Homosexuality is not explicitly illegal in Egypt but law enforcement in the country that gave the world the pyramids and the sphinx has serious issues with gay men.
Since 2013, more than 300 gay or allegedly gay men in Egypt have been rounded up, charged and prosecuted for debauchery, according to the Egyptian Initiative for Human Rights. The same organisation also accused Egyptian police of electrocuting the genitals of gay detainees and raping them with batons.
There are also widespread reports of Egyptian police using gay dating apps such as Grindr to entrap gay men, including a Syrian refugee who was deported back to his war-torn country last year after getting caught in a gay police sting.
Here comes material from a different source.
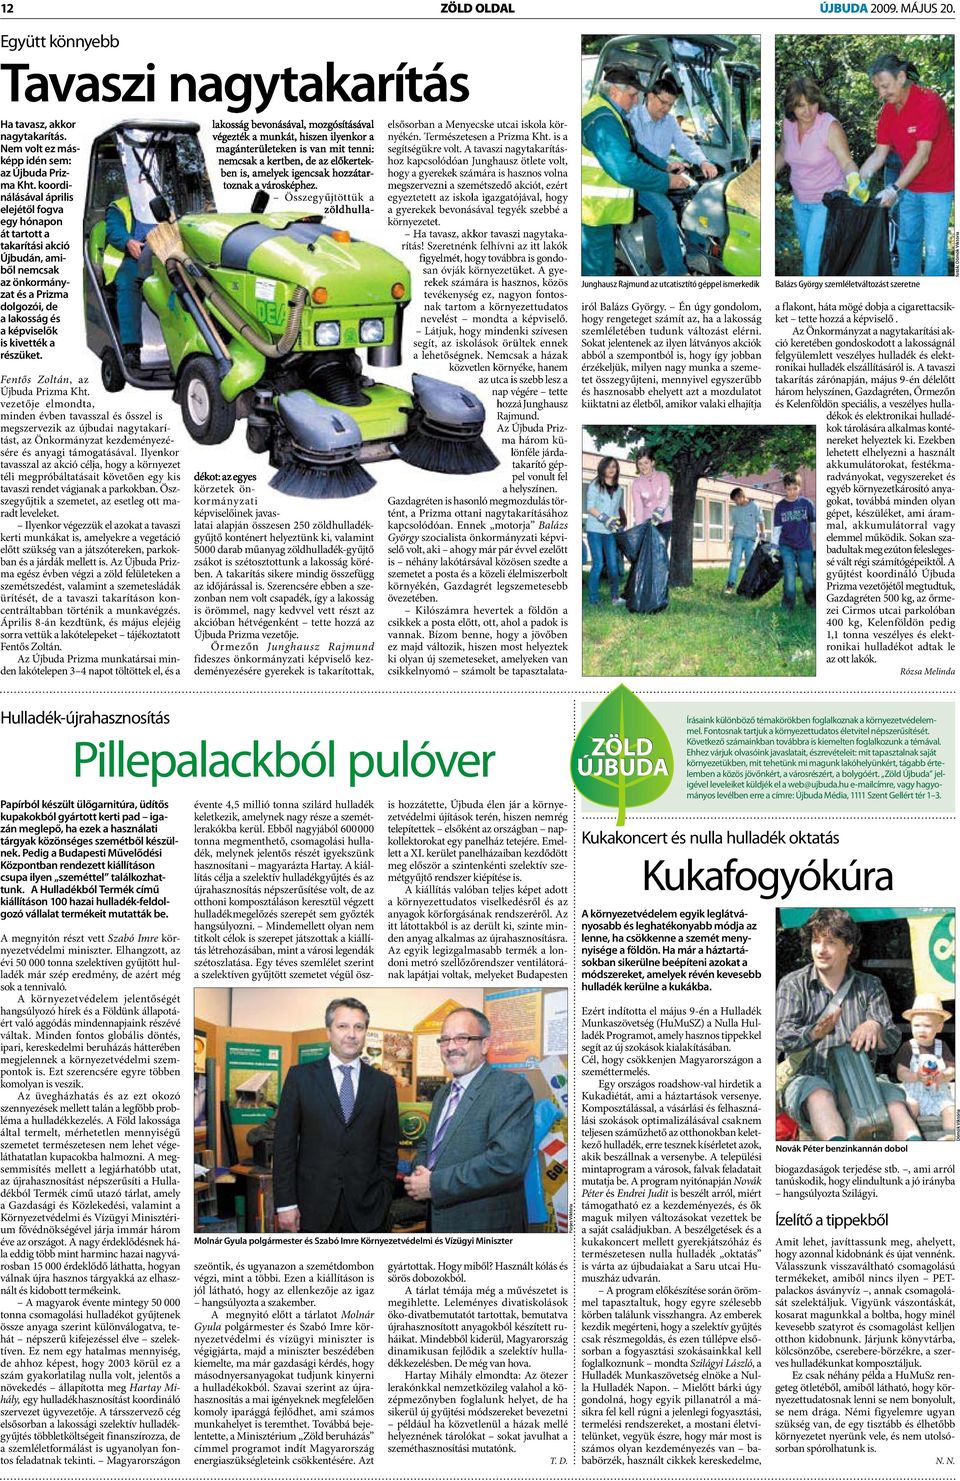 Fentős Zoltán,, az Újbuda Prizma Kht. vezetője elmondta, minden évben tavasszal és ősszel is megszervezik az újbudai nagytakarítást, az Önkormányzat kezdeményezésére és anyagi támogatásával.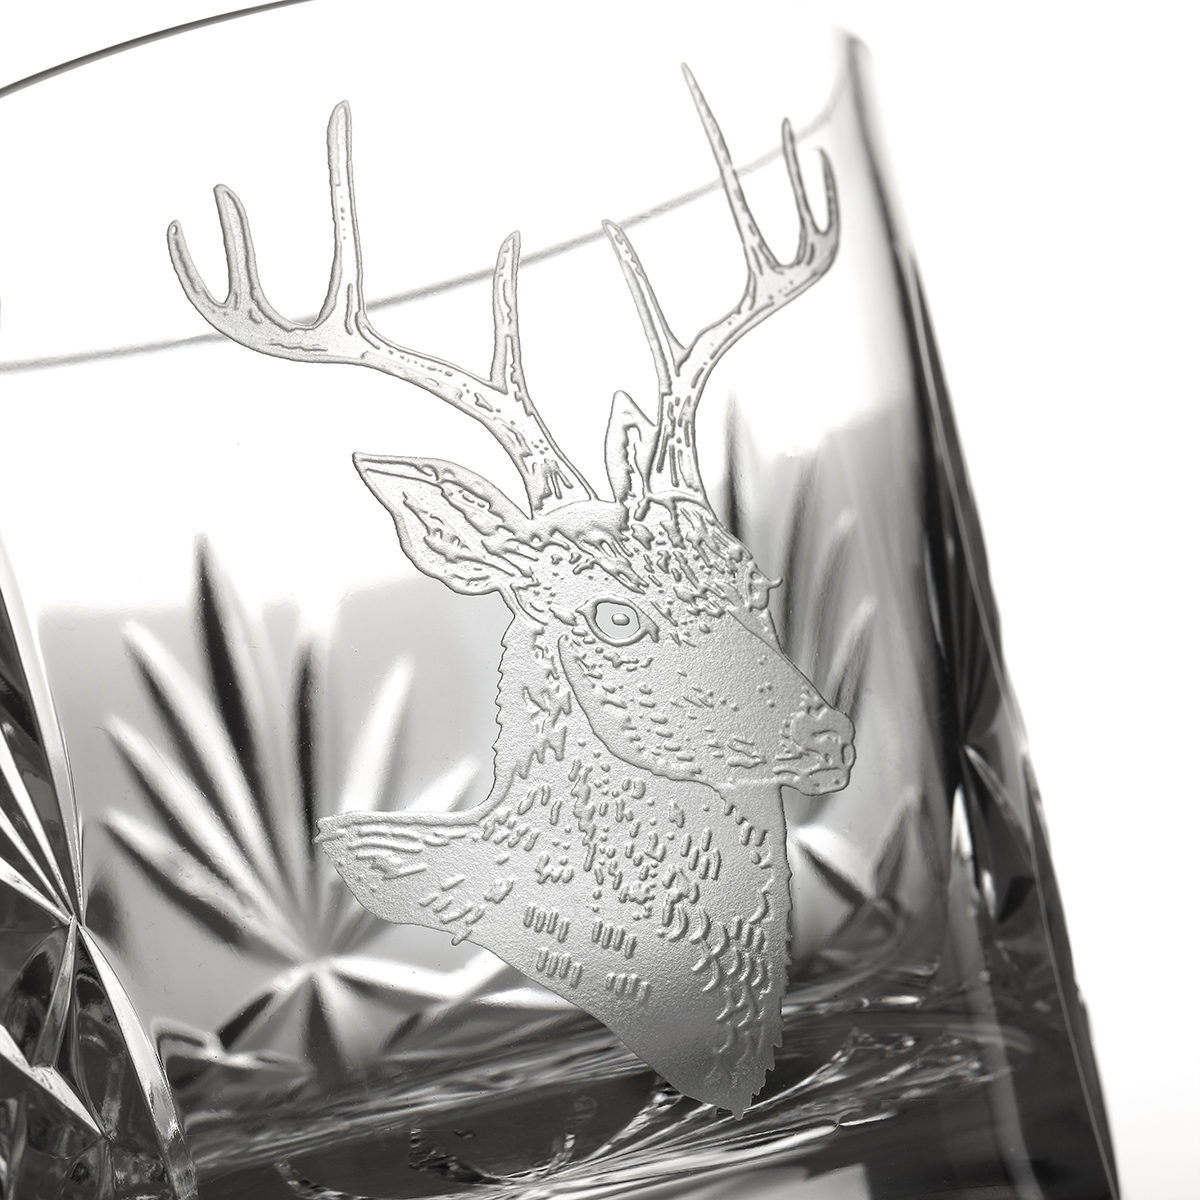 Kintyre Stag Tumbler - Kristall Whiskyglas - Schottischer Highland Hirsch

“Just for waving a rainbow flag you can get arrested,” a gay Egyptian man told NBC news last year.
Iran is a ridiculously beautiful country and its people are among the most hospitable in the world. But its government has serious gay issues.
Unlike Brunei, which experts say is unlikely to ever execute an LGBTI person, Iran does it regularly. According to Wikileaks, the country has executed between 4000 and 6000 homosexual men and women since sharia was implemented in 1979.
A recent victim, an unnamed 31-year-old man, was hanged in the south-western city of Kazeroon on January 10 after being found guilty of gay sex and kidnapping two 15 year-olds, the Iranian Students’ News Agency reported, adding “the citizens of Kazeroon expressed satisfaction and thanked the judiciary”.
A country that imprisons its own people for doing nothing more than liking tweets critical of government and prohibits women travelling overseas without a male guardian, Saudi Arabia also ranks as the most homophobic backwater on the planet.
Sodomy is punishable by flogging, imprisonment or public beheading. In one case, the executed prisoner’s corpse was crucified, according to Amnesty International.
In April, 37 people were executed in Saudi Arabia in a single day. Five of them had allegedly confessed – after being tortured by police – to having gay sex, according to court documents obtained by CNN.